This cohort study was performed at the Third Xiangya Hospital of Central South University (TXYHCSU). All of the female employees (N = 8992) from 373 organizations were enrolled in our study when they attended the annual employee health exam at the TXYHCSU between January 2010 and June 2014. The selected organizations were administrative institutions or local government units, arranging health exams for employees (including the retired) every year. All of the participants were followed for 12 months following enrollment.

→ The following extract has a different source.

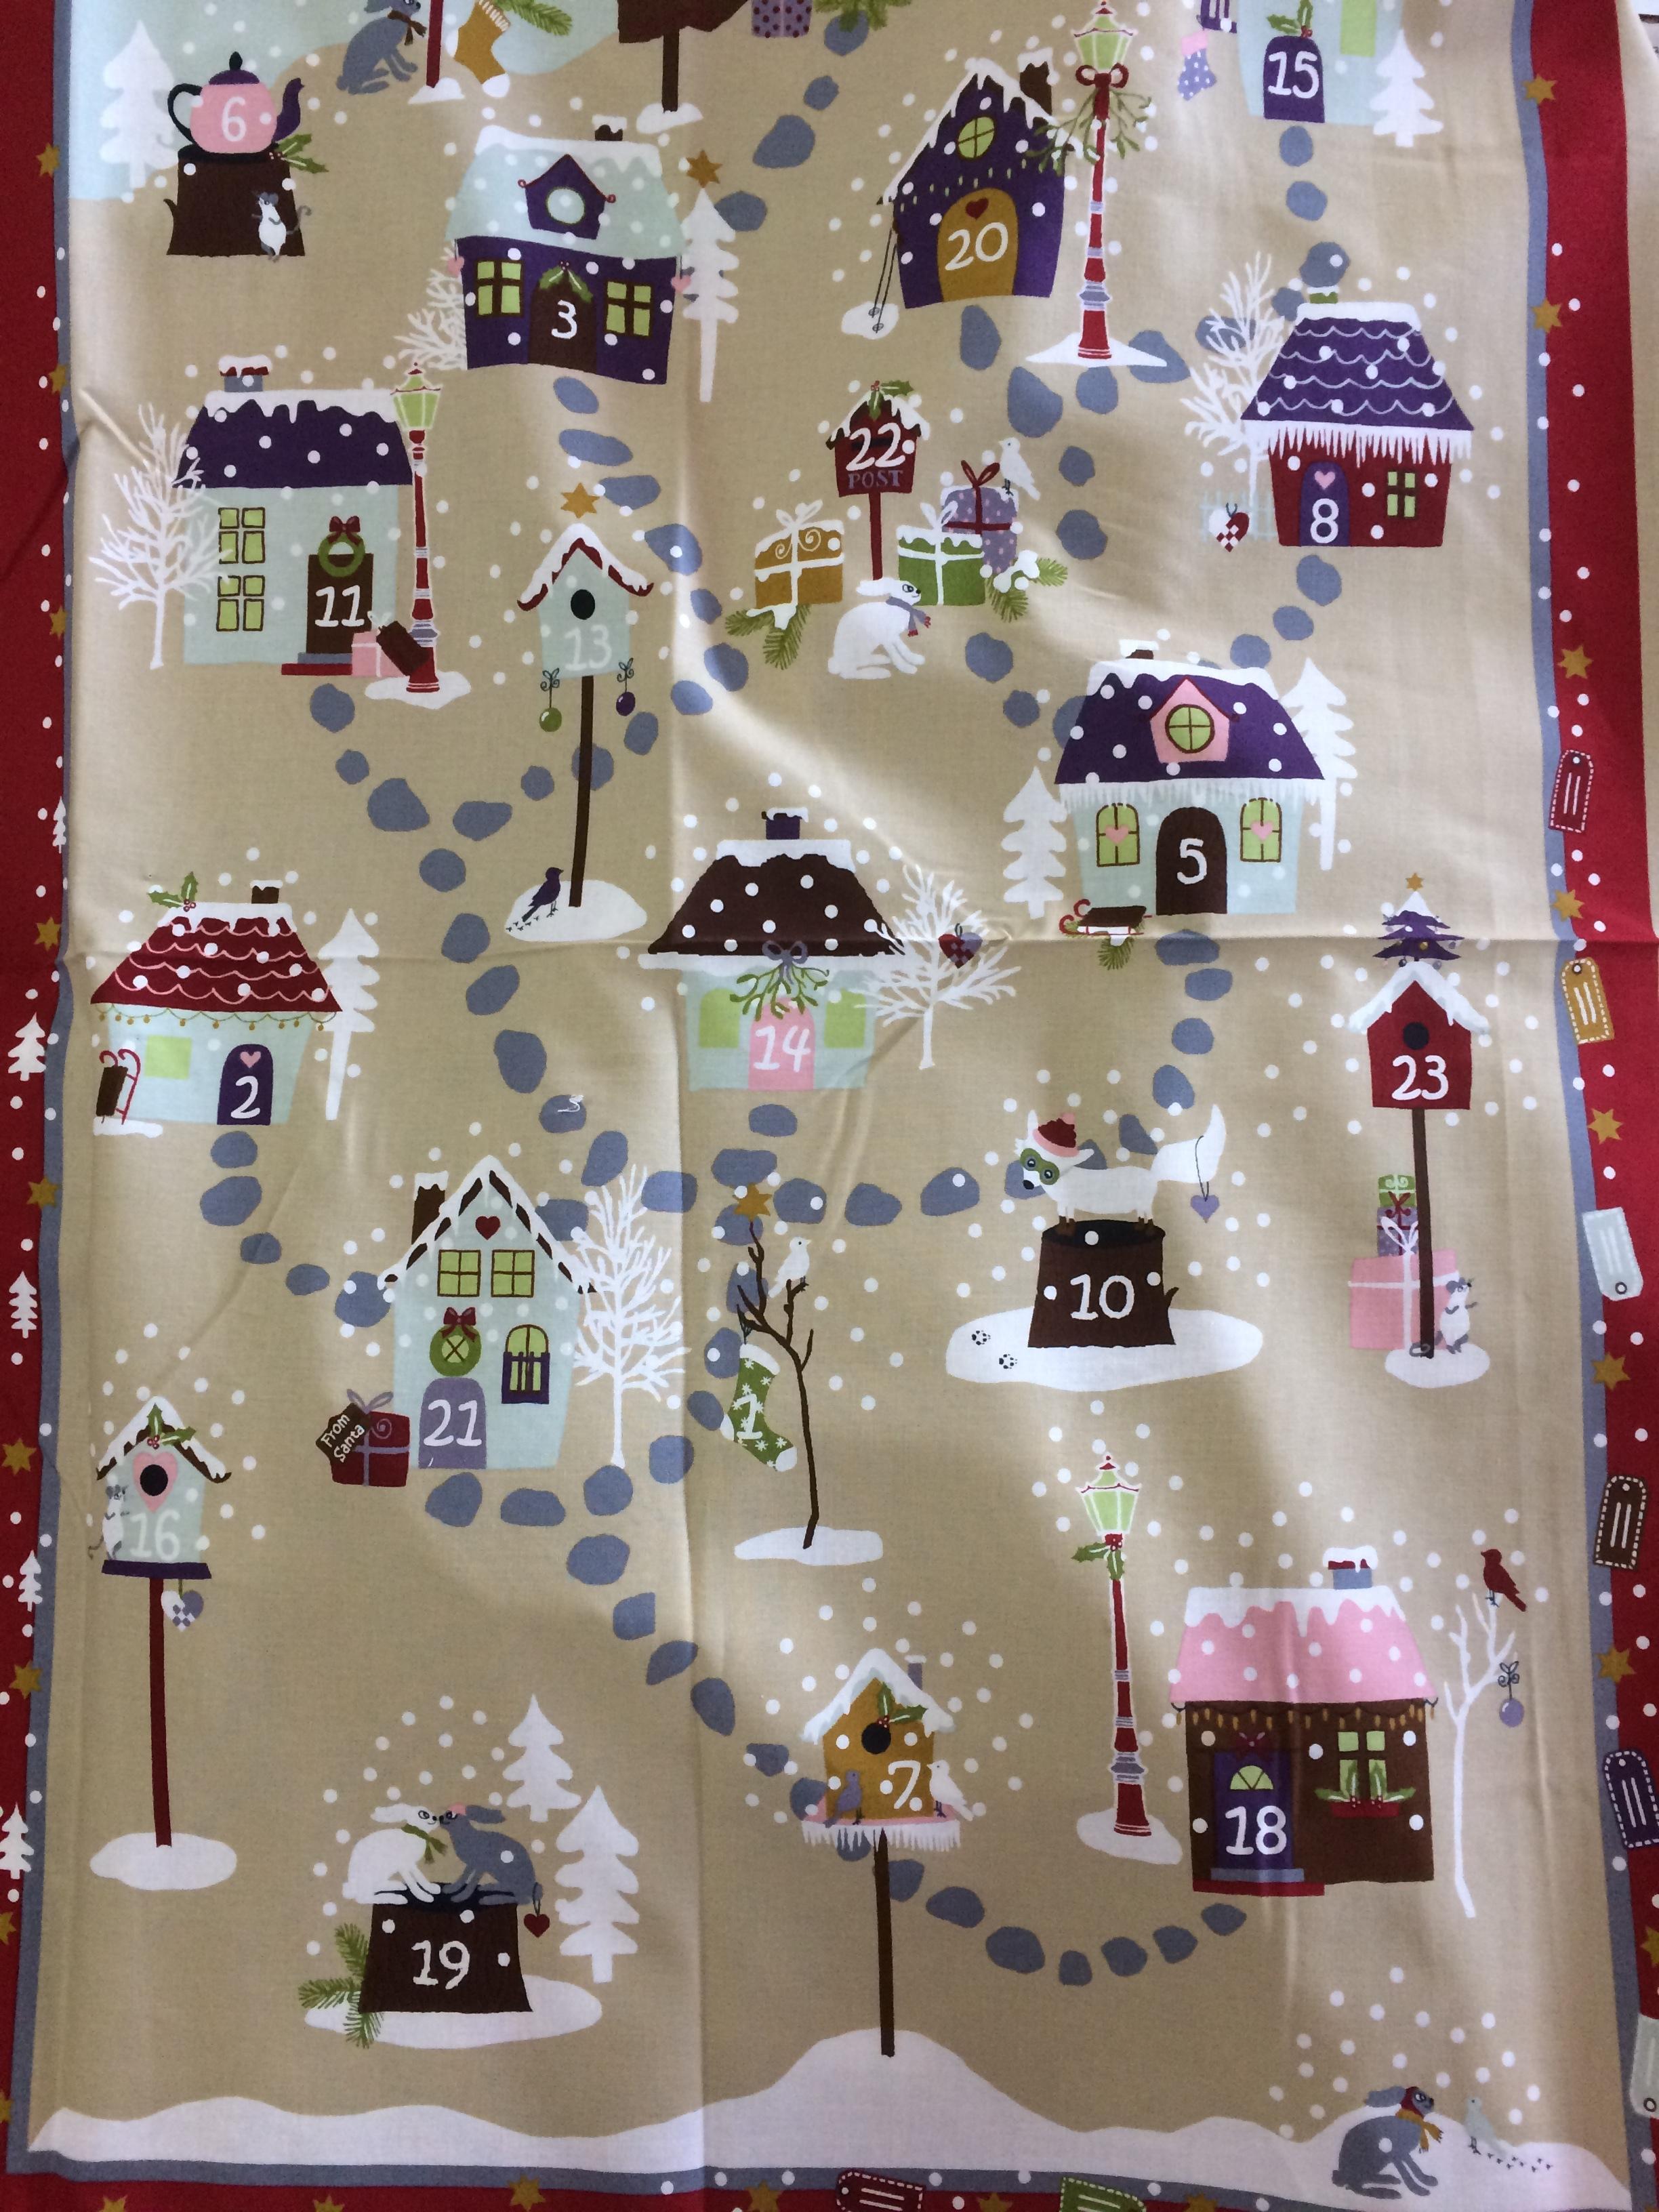 Snow Village Calendar

The subjects (N = 173) who were maiden, pregnant, or planned to become pregnant in the next year; were taking immunosuppressants; or had undergone amputation of the cervix at baseline were excluded. Furthermore, women (N = 194) who may already have had persistent HPV infection at enrollment (with cervical thin prep cytologic test results worse than atypical squamous cells of undetermined significance at baseline) were also excluded. Another 27 subjects were lost to follow-up and were excluded from analysis because of death or job change, resulting in a final sample size of 8598.

Data Collection

All of the study procedures were approved by the human investigation committees at the TXYHCSU and Central South University. The eligible subjects were informed about the cohort study upon their arrival at the hospital for their annual health exam. After obtaining written consent, an in-person interview was conducted at baseline by trained interviewers using a standardized and structured questionnaire. The questionnaire covered information on demographics, reproductive history, lifestyle factors, medical history including a diagnosis of hypertension or diabetes, and prescription drug use for hypertension, diabetes, or lipid-lowering.

Cervical specimens were collected both at the time of enrollment and 12 months later by qualified gynecologists with cervical brushes. The brush heads with collected specimens were stored in a 4 °C fridge in capped bottles with preserving liquid and processed for HPV DNA genotyping within 1 week. HPV genotyping by HybriMax was performed with an HPV GenoArray Test Kit (HybriBio Ltd., Chaozhou, China) according to the manufacturer's instructions.¹⁶ Briefly, after the steps of DNA extraction from cervical cells, gene amplification (PCR), and diversion hybridization, 21 types of HPV could be detected, including 15 high oncogenic risk types (HR-HPV: 16, 18, 31, 33, 35, 39, 45, 51, 52, 53, 56, 58, 59, 66, and 68) and 6 low oncogenic risk types (low-risk type HPV LR-HPV: 6, 11, 42, 43, 44, and 81).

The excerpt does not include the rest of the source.